Where the subject of an age assessment is in an external foster placement and the outcome will result in the termination of the placement, the External Placements Management Team should be alerted and agreement sought about how and when to give notice, in order to mitigate avoidable costs where possible. Similar consideration needs to be given to serving notice with providers of supported accommodation.

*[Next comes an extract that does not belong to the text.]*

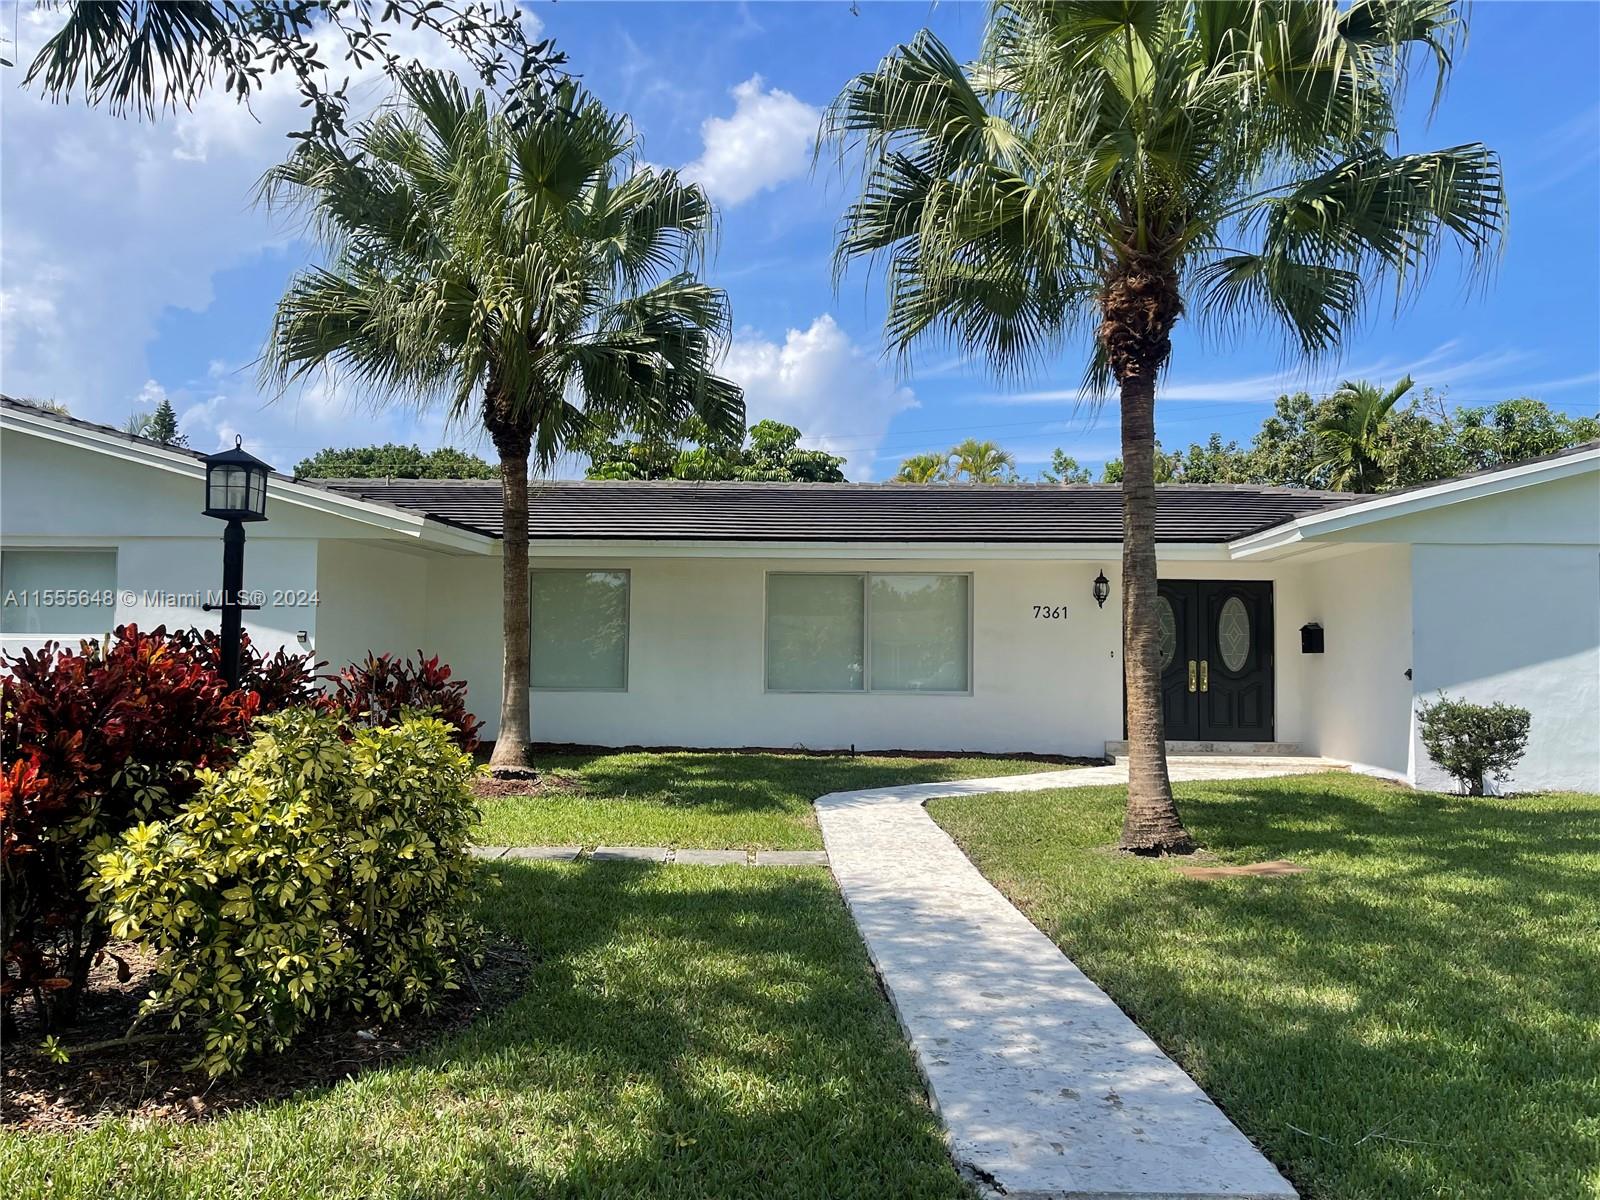 Located in quiet neighborhood in Pinecrest with A+ schools.  Updated house with impact windows and doors, tile roof, pool, built-in closets, marble floors, granite kitchen countertop and more. This house has abundant of natural light throughout the home. See broker remarks for showing instructions.
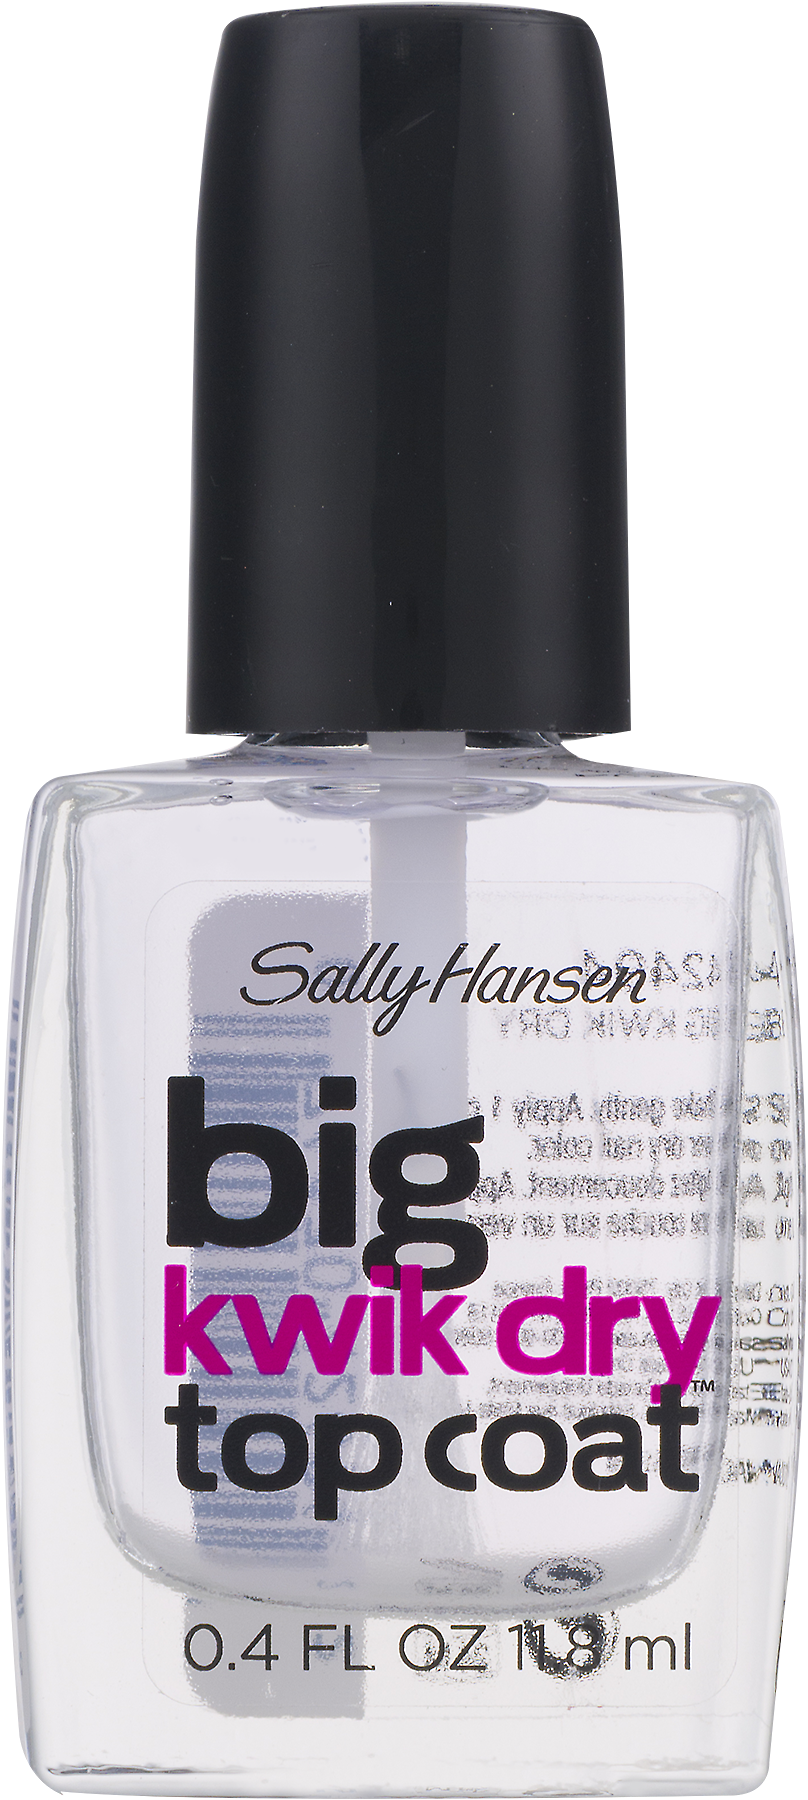 Sally Hansen Big Kwik Dry Top Nail Coat Treatment, High Gloss Finish, 0.4 fl oz , Quick Dry Nail Polish, Protects Nails from Cracking, Chipping, and Splitting, Only One Coat Needed - image 2 of 2

3. Concluding the Assessment

The full, final report should be given to the person being assessed and any advocate, and may be given to the solicitor. The decision should be notified to the Home Office caseworker by the assessing social workers, using the ‘Information Sharing/Outcome form (Appendix 4: Information Sharing/Outcome Form (Documents Library)). This includes the social workers’ experience and training and a summary of the information considered in the assessment. This document may be submitted to an Immigration Tribunal as evidence in support of Home Office’s adoption of the assessed date of birth. (Please note the fully completed assessment is not given to the Home Office).

Whether or not the assessment results in a change of date of birth, the ‘Age assessment Information Sharing/Outcome’ form should be completed by the assessing worker. The form should be saved in the young person’s record. This form requires an ‘implementation date’ to be recorded. This is the date any change in age will be acted on; it may be different from the date the assessment is ‘signed off’.


4. Representations and Complaints Received after the Assessment has been Signed Off

The assessment process, including the early participation of an advocate, should allow the person being assessed to take part, clarify misconceptions and explain apparent inconsistencies or concerns about credibility. At the time the report is signed off, the social workers and lead manager should be satisfied that all relevant information was carefully considered. If complaints or representations are received after the process is complete a decision will need to be taken as to whether to continue to give a service, or withdraw services, as indicated by the assessment, while the complaint is investigated.

Additional information not available at the time of the assessment is sometimes provided to support a complaint. This can include paediatric assessment or the decision of an Asylum and Immigration Tribunal. Such evidence should be considered and if a decision is taken not to use it, this should be recorded.

An age assessment can only be challenged for up to 3 months following the completion date. If a new assessment is undertaken the right to challenge will begin again.


5. Supporting Documents

Please see Documents Library.

  • Appendix 1: Initial Age Assessment Form;
  • Appendix 2: Age Assessment Form;
  • Appendix 3: Good Practice Documents ADCS;
  • Appendix 4: Information Sharing/Outcome Form.